RECORDED INFORMATION –
>>>
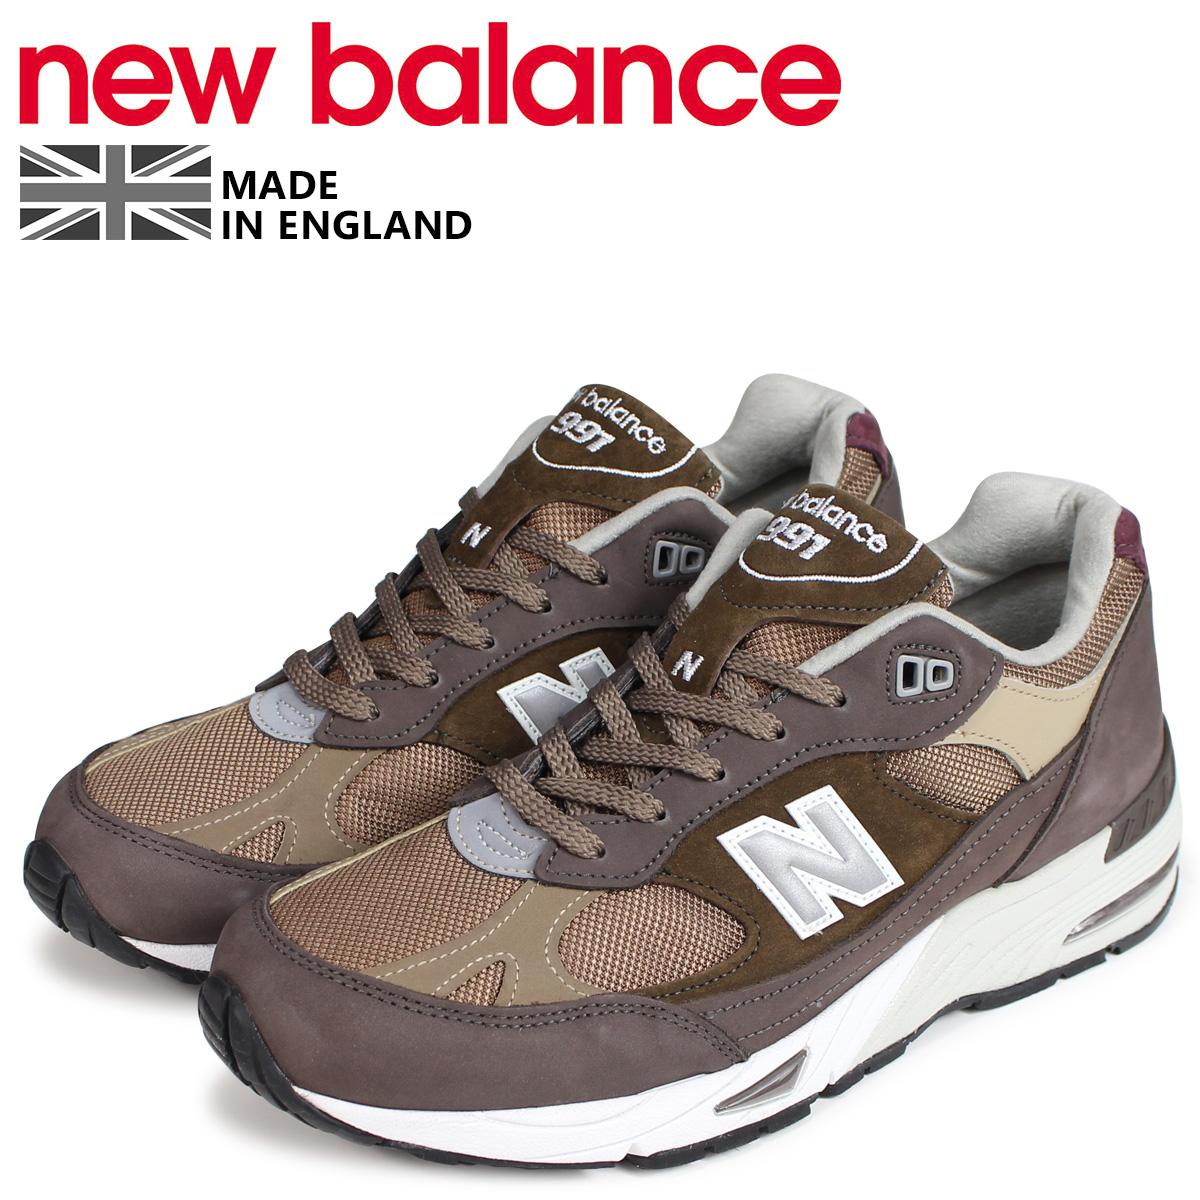 new balance 991 メンズ ニューバランス スニーカー M991NGG Dワイズ MADE IN UK ブラウン [9/15 新入荷]
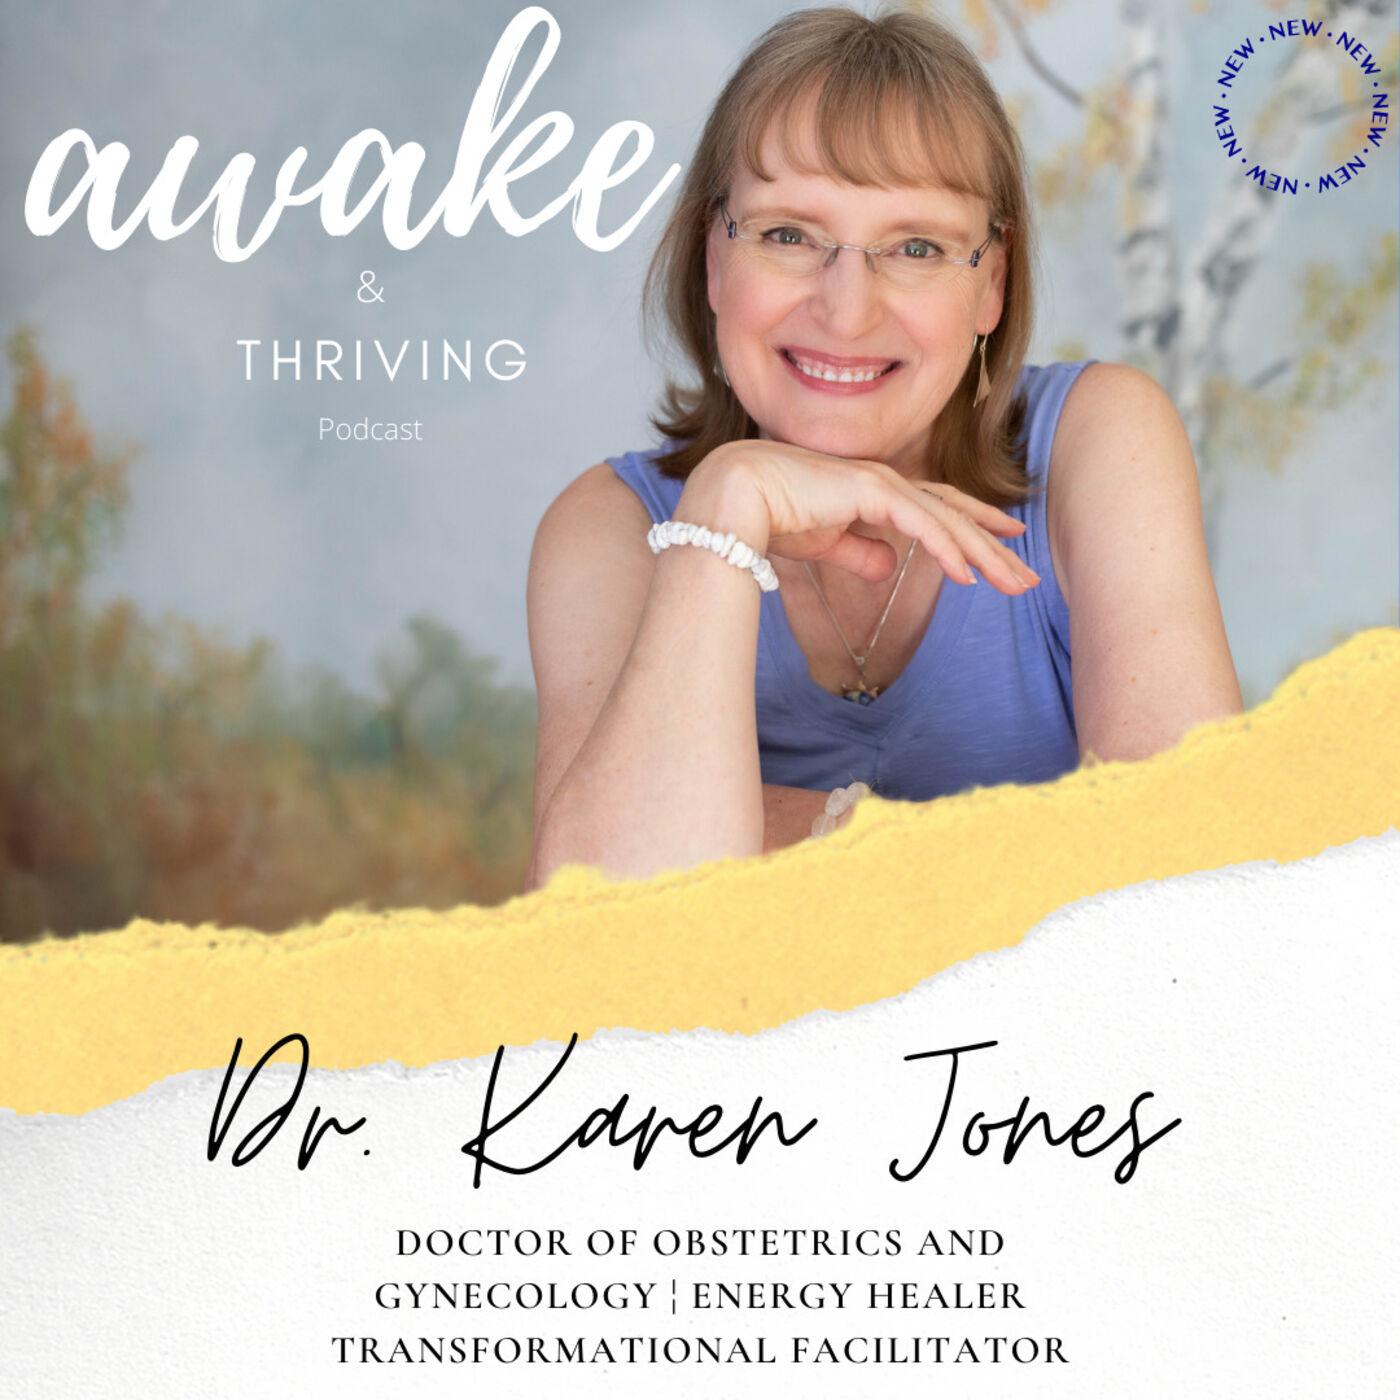 Understanding Energy Healing and Transformational Facilitating with Dr. Karen Jones
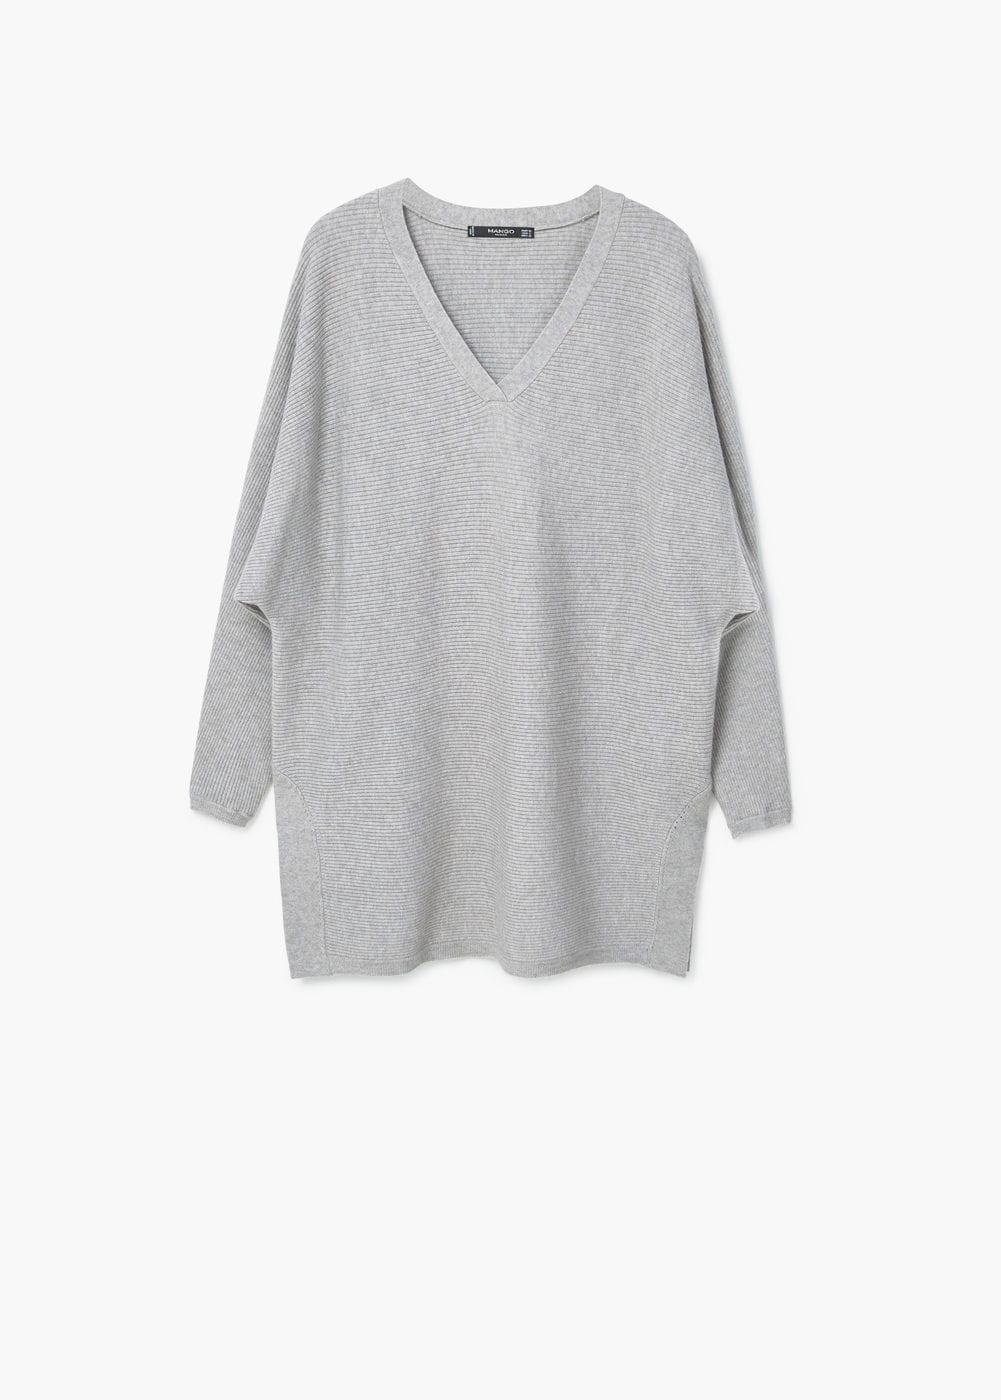 Mango Ribbed Sweater $49.99
<<<
WORK INSTRUCTIONS – Each line of the material needs to be given again exactly, without any of its pictures.

ANSWER TO THE PROBLEM –
 new balance 991 メンズ ニューバランス スニーカー M991NGG Dワイズ MADE IN UK ブラウン [9/15 新入荷]
 Understanding Energy Healing and Transformational Facilitating with Dr. Karen Jones
 Mango Ribbed Sweater $49.99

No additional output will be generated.